We do not use Cross-GPU Batch Normalization (CGBN or SyncBN) or expensive specialized devices. This allows anyone to reproduce our state-of-the-art outcomes on a conventional graphic processor e.g. GTX 1080Ti or RTX 2080Ti.
We don't use cross GPU Standardization of batch production （CGBN or SyncBN） Or expensive Special equipment . This makes it possible for anyone to use a conventional graphics processor , for example GTX 1080Ti or RTX2080Ti, Reproduce our latest achievements .
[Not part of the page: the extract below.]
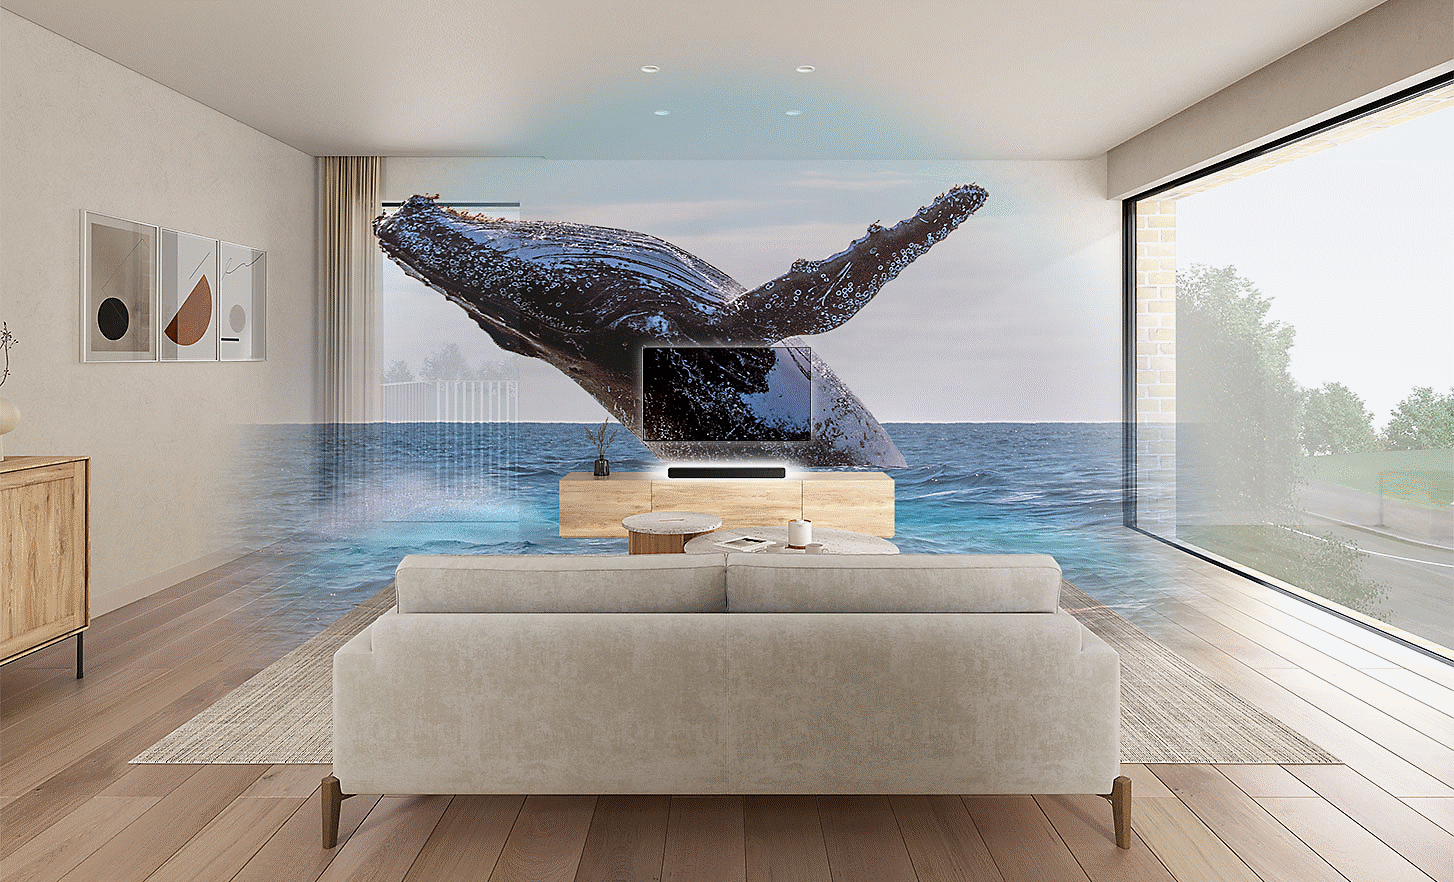 Slika dnevne sobe u sredini koje se nalaze TV i HT-S2000, dok je slika kita sa vodenim žigom prebačena preko toga
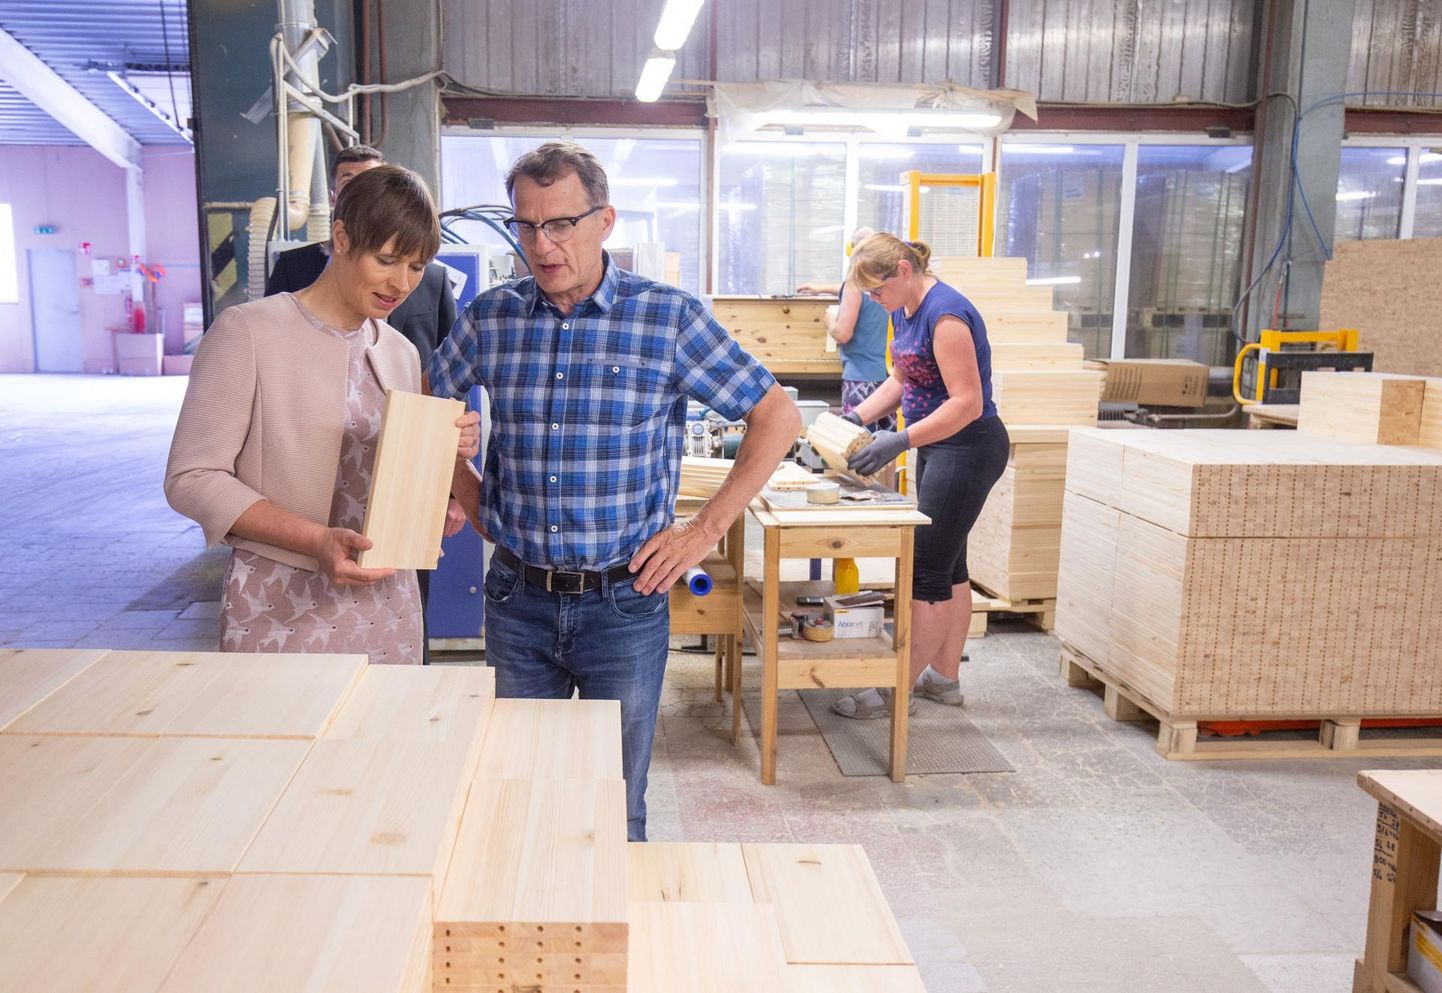 Umbes 130 inimesele tööd pakkuvas Textuuri tehases käis eelmisel suvel külas president Kersti Kaljulaid. Pildil on ta koos ettevõtte juhi Argo Jõgiga.

3.2. Selection of BoF and BoS BoF and BoS The choice of

For improving the object detection training, a CNN usually uses the following:  Activations: ReLU, leaky-ReLU, parametric-ReLU, ReLU6, SELU, Swish, or Mish  Bounding box regression loss: MSE, IoU, GIoU, CIoU, DIoU  Data augmentation: CutOut, MixUp, CutMix  Regularization method: DropOut, DropPath [36], Spatial DropOut [79], or DropBlock  Normalization of the network activations by their mean and variance: Batch Normalization (BN) [32], Cross-GPU Batch Normalization (CGBN or SyncBN) [93], Filter Response Normalization (FRN) [70], or Cross-Iteration Batch Normalization (CBN) [89]  Skip-connections: Residual connections, Weighted residual connections, Multi-input weighted residual connections, or Cross stage partial connections (CSP)
In order to improve the training of target detection ,CNN The following methods or structures are usually used ：  Activation function : ReLU、leaky-ReLU、parametric-ReLU、ReLU6、 SELU、Swish、Mish  Bounding box loss regression ：MSE、IoU、GIoU、CIoU、DIoU  Data to enhance ：CutOut、MixUp、CutMix  Regularization method ：DropOut、DropPath[36]、Spatial DropOut [79]、 DropBlock  through too Mean and Fang Bad Standardized network activation function output value ： Batch Normalization (BN) [32] 、 Cross-GPU Batch Normalization (CGBN or SyncBN)[93]、Filter Response Normalization (FRN) [70]、Cross-Iteration Batch Normalization (CBN) [89]  Quick connection （Skip-connections）： Residual connection 、 Weighted residual connection 、 many Input weighted residual connection 、Cross stage partial connections (CSP)
As for training activation function, since PReLU and SELU are more difficult to train, and ReLU6 is specifically designed for quantization network, we therefore remove the above activation functions from the candidate list. In the method of reqularization, the people who published DropBlock have compared their method with other methods in detail, and their regularization method has won a lot. Therefore, we did not hesitate to choose DropBlock as our regularization method. As for the selection of normalization method, since we focus on a training strategy that uses only one GPU, syncBN is not considered.
As for the training activation function , because PRELU and SELU The training is difficult , and ReLU6 It is specially designed for quantifying the network , So we remove this from the candidate list Several activation functions . As for the regularization method , Published DropBlock Of people will be their side Method is compared with other methods , Their regularization method won out . therefore , I We chose without hesitation DropBlock As our regularization method . As for normalization （ Or standardization ） Choice of method , Because we only focus on using one GPU Upper Training strategy , Therefore, the use of syncBN.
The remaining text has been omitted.